● **Collected data**:
================================

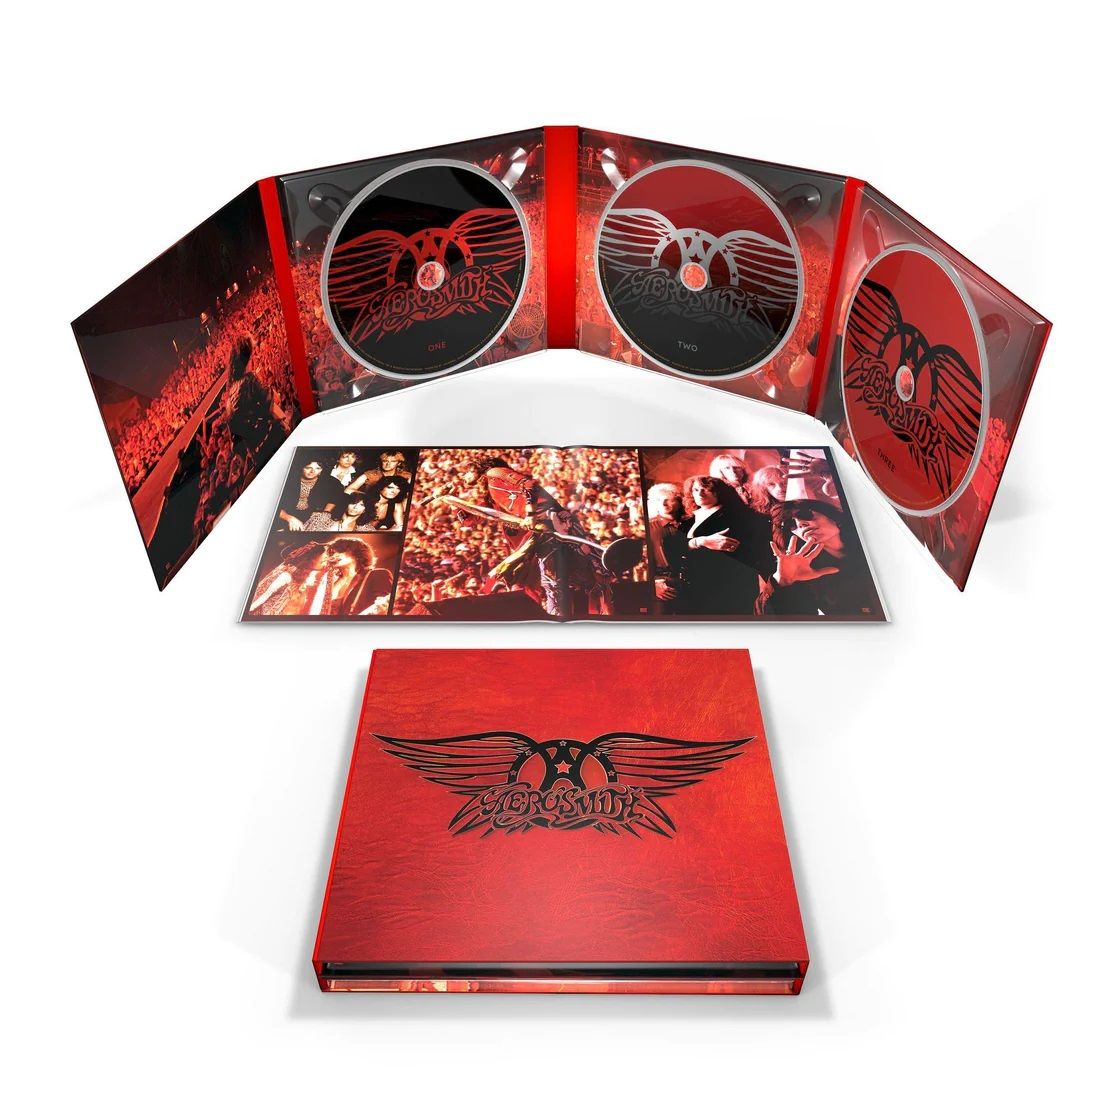 Aerosmith - Greatest Hits (Expanded Ed. 3CD) - CD - New
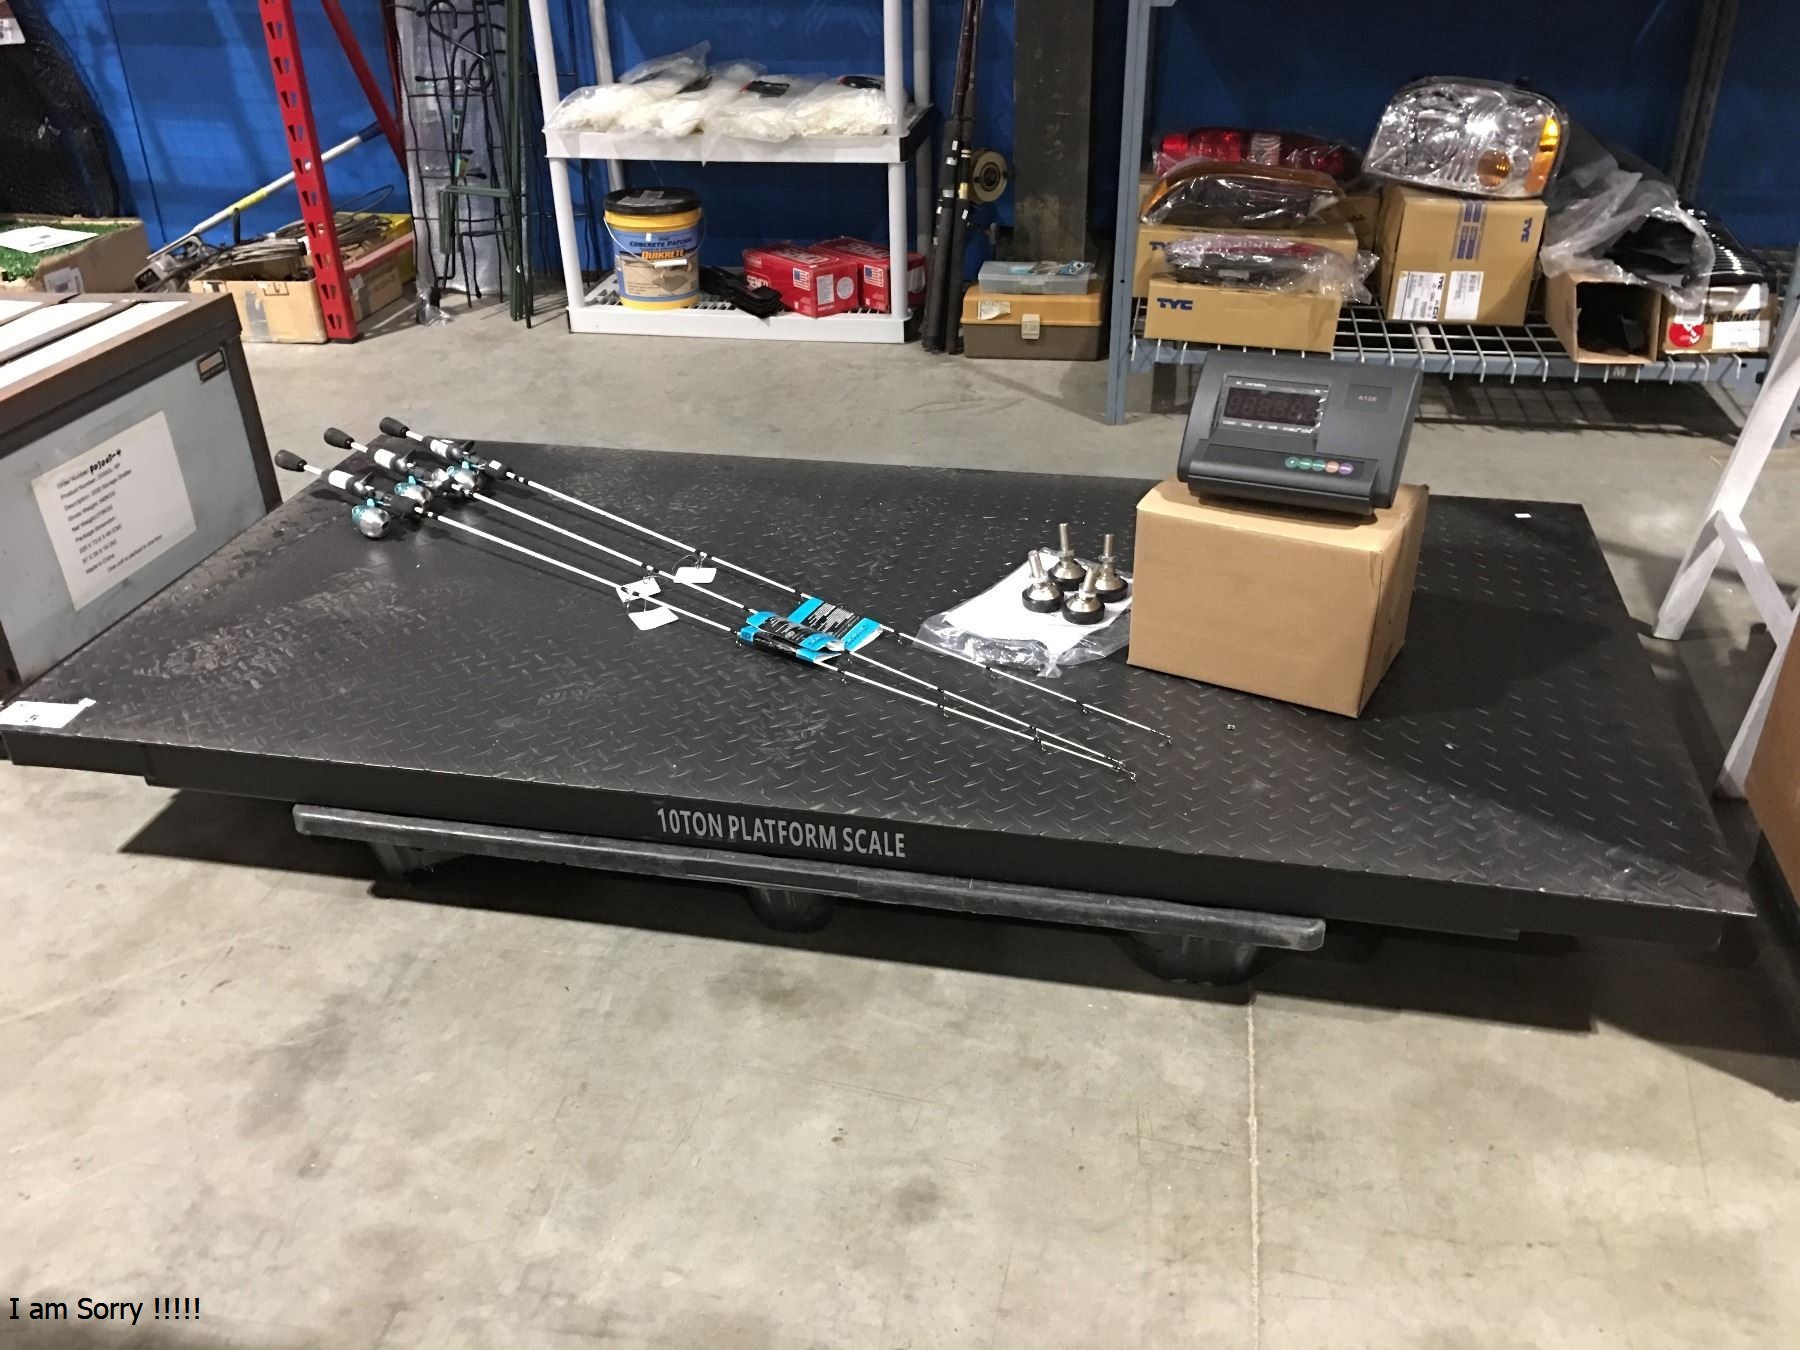 Industry platform floor weighing scales
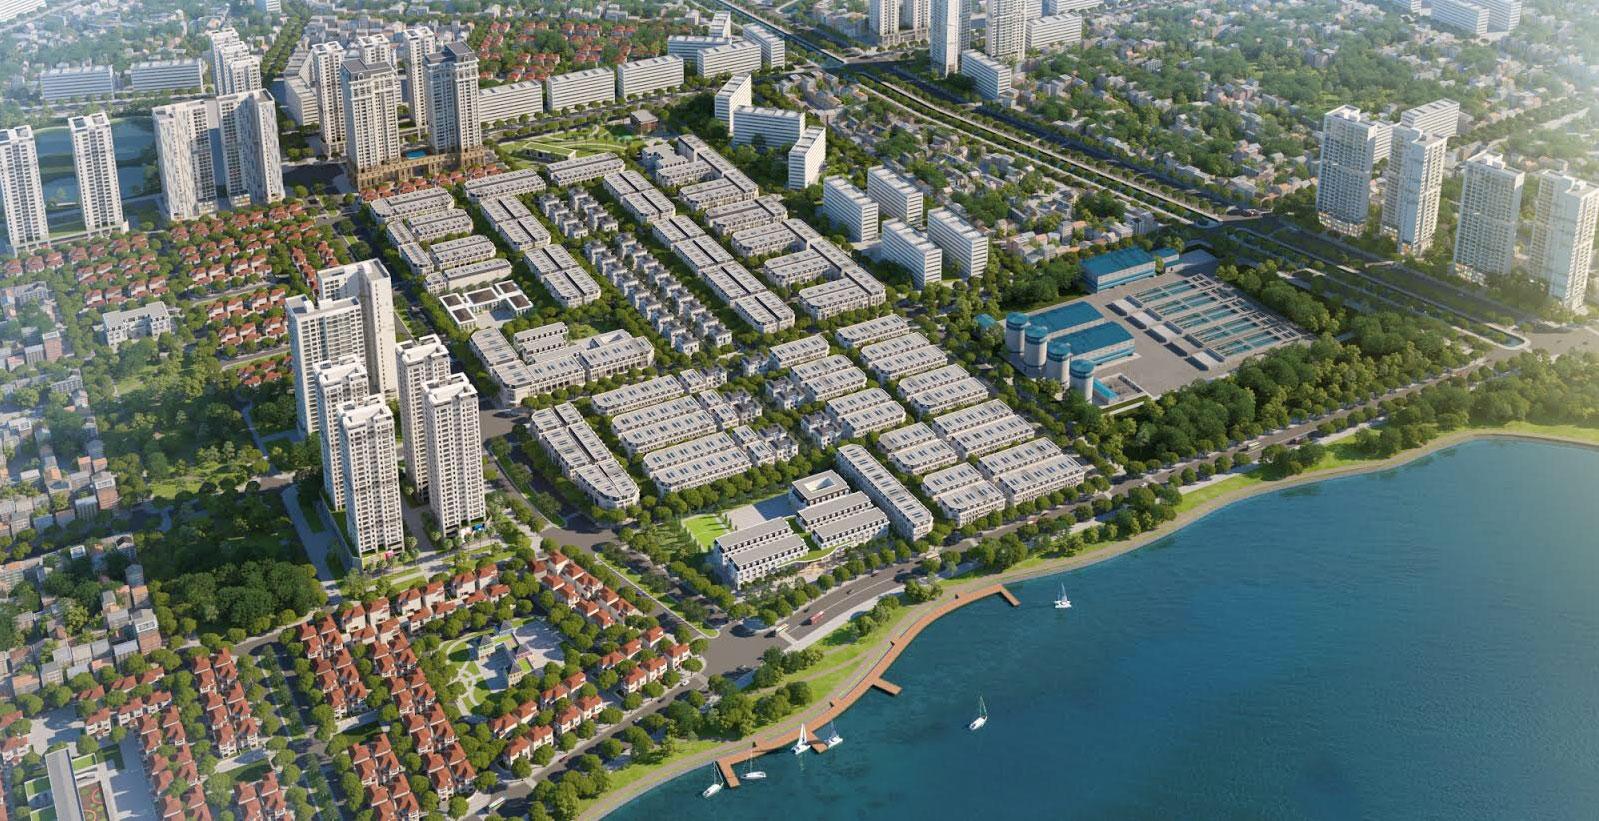 Cen Land (CRE) dự kiến đầu tư 815,3 tỷ đồng mua bất động sản tại Dự án Đầu tư Xây dựng Khu đô thị mới Hoàng Văn Thụ

================================

● **Exercise requirements**:
Please retype the whole listing above exactly, without any of its images.

● **Answer to this problem**:
 Aerosmith - Greatest Hits (Expanded Ed. 3CD) - CD - New
 Industry platform floor weighing scales
 Cen Land (CRE) dự kiến đầu tư 815,3 tỷ đồng mua bất động sản tại Dự án Đầu tư Xây dựng Khu đô thị mới Hoàng Văn Thụ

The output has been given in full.